Before she married him, Hopping says she “was not stone ugly” and that these days, even as the doctor’s wife, she “cannot always get on the schedule.” But she receives a yearly injection of Botox, a mini-tuck on her lower face and neck, and liposuction to her midsection.

“I walked up the Pyramids eight days after a facelift,” she adds.

For these wives, perhaps being married to a plastic surgeon is akin to being the wife of a diamond dealer or a furrier—they just wear the goods on their faces.

Hopping is the daughter of a former ambassador from Nicaragua and a descendant of that country’s once-ruling Somoza family. Her maternal grandfather, former Nicaraguan president “Tacho” Somoza, was assassinated in 1956.

When she was a teenager, she was diagnosed with a crippling autoimmune disorder and spent time at the National Institutes of Health. “I was so weak,” Hopping remembers. “But I figured out a way to comb my hair by propping my elbow on a towel rack.”

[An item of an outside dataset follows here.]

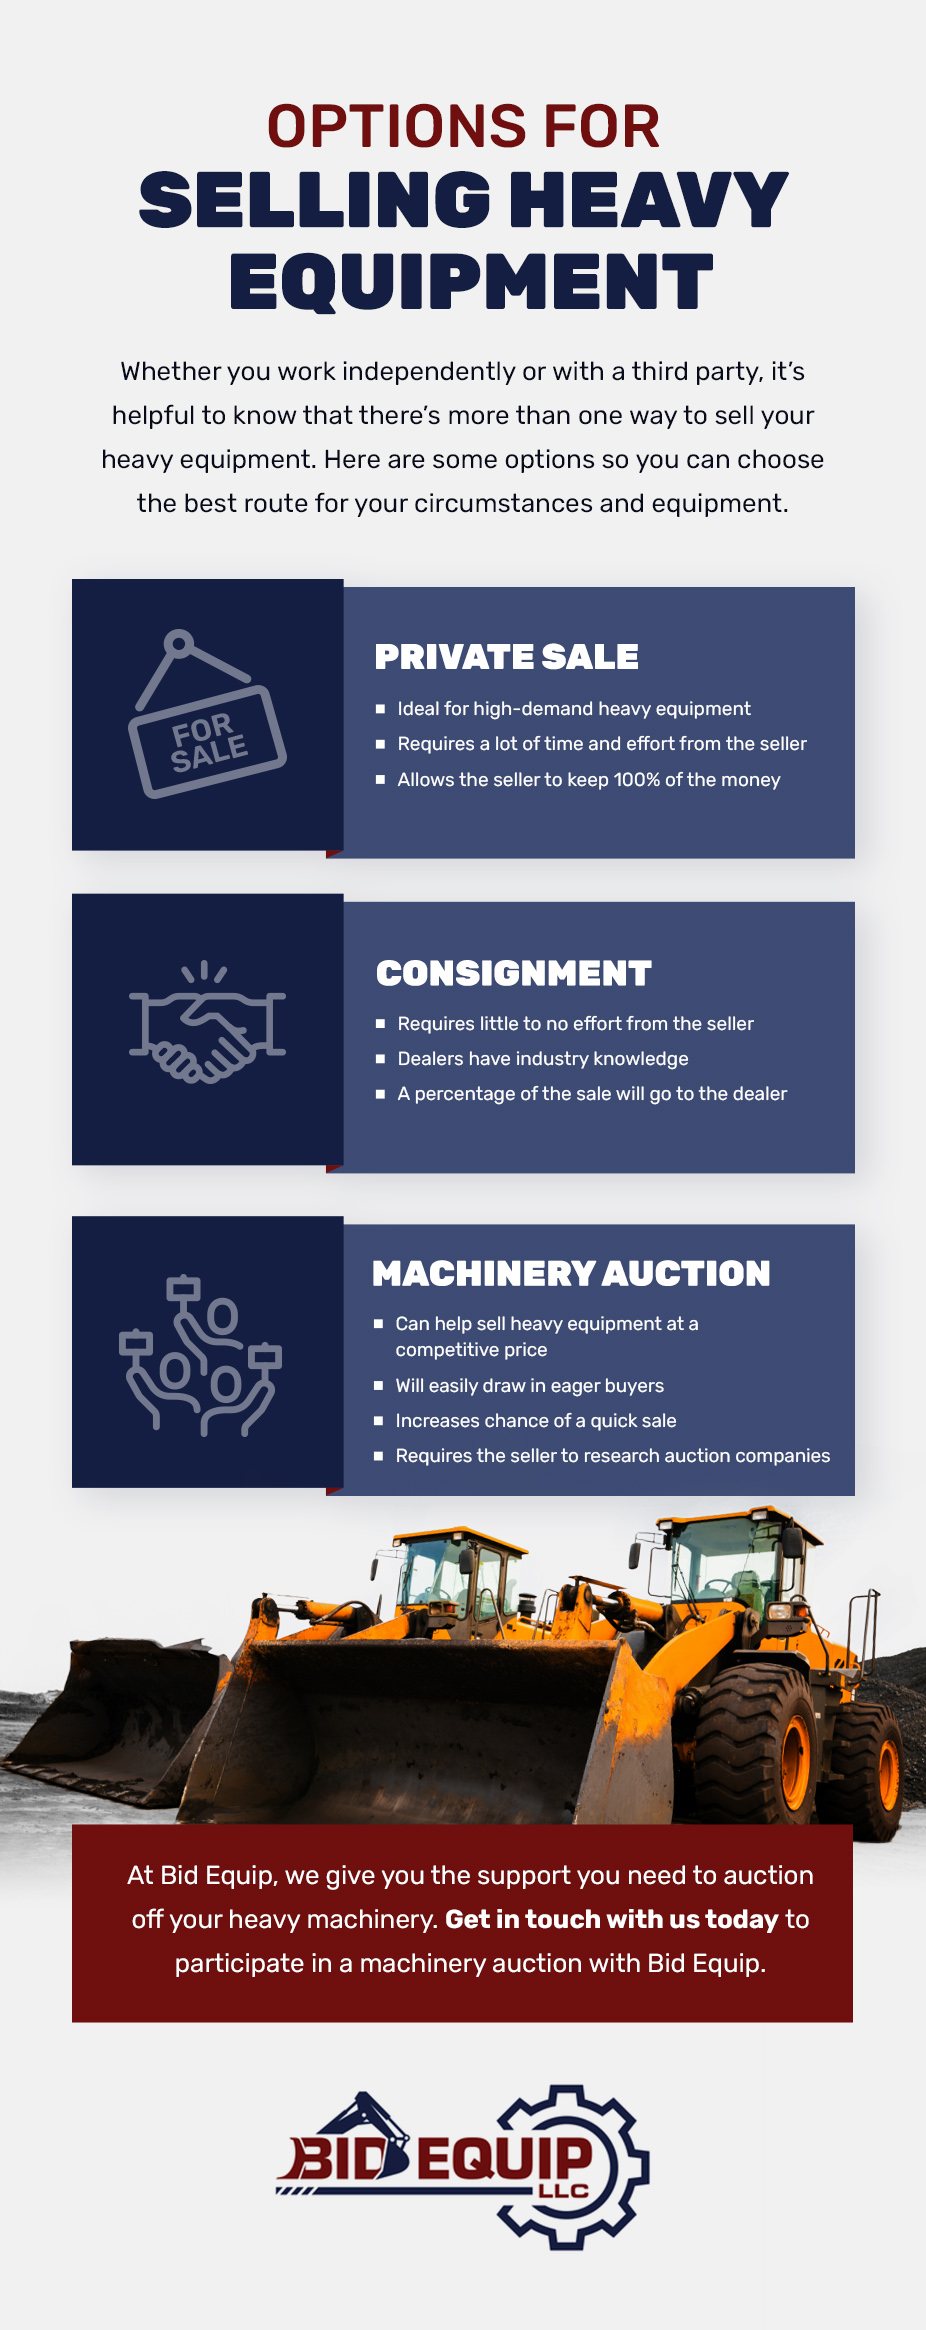 Bid Equip options for selling used equipment

Her mother always had a hairdresser at the embassy. Her father—who let his daughter tag along to the White House, where, she remembers, Jackie Kennedy had bow legs and wore no stockings—used to tell her, “Whenever you go out, people will see you, and that’s how they’ll remember you.”

Today, along with her husband, she runs the Future of Nicaragua Foundation and makes frequent pilgrimages with him to her homeland, where he performs reconstructive work on babies with cleft lips and palates.

As she talks about their work together, it’s clear she sees her day job—as executive director of her husband’s Center for Cosmetic Surgery in DC—as her most defining attribute.

“You can’t lose your identity because your husband is a surgeon,” she says. “You still have to be paid.”

This article first appeared in the February 2011 issue of The Washingtonian.